A machine learning librarian at Hugging Face just released a dataset composed of one million Bluesky posts, complete with when they were posted and who posted them, intended for machine learning research.
…
The data isn’t anonymous. In the dataset, each post is listed alongside the users’ decentralized identifier, or DID; van Strien also made a search tool for finding users based on their DID and published it on Hugging Face. A quick skim through the first few hundred of the million posts shows people doing normal types of Bluesky posting—arguing about politics, talking about concerts, saying stuff like “The cat is gay” and “When’s the last time yall had Boston baked beans?”—but the dataset has also swept up a lot of adult content, too.
It’s also noteworthy that it’s a “snapshot” of time on Bluesky, meaning it could, and probably does, include since-deleted posts.

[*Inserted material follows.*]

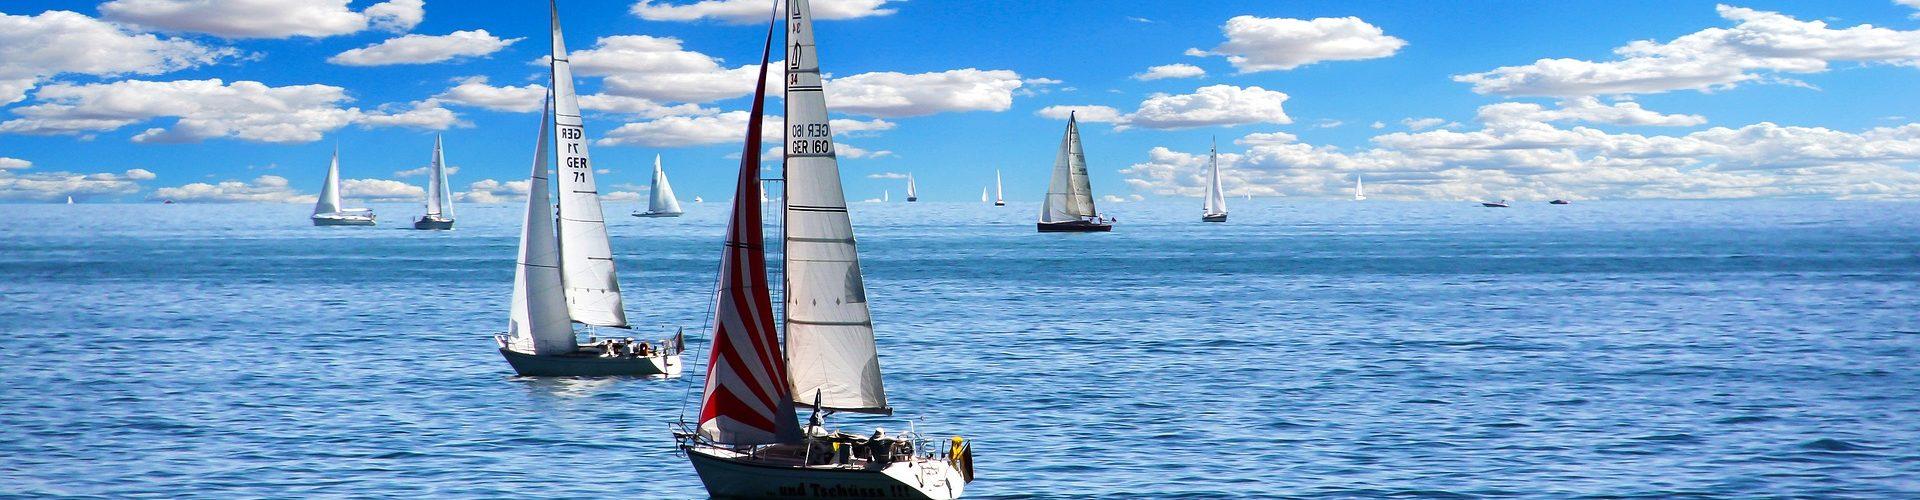 segeln lernen in Pegnitz segelschein machen in Pegnitz 1920x500 - Segeln lernen in Pegnitz

This dataset could be used for “training and testing language models on social media content, analyzing social media posting patterns, studying conversation structures and reply networks, research on social media content moderation, [and] natural language processing tasks using social media data,” the project page says. “Out of scope use” includes “building automated posting systems for Bluesky, creating fake or impersonated content, extracting personal information about users, [and] any purpose that violates Bluesky’s Terms of Service.”
The dataset is already popular: as of writing, it’s one of the top trending Hugging Face projects.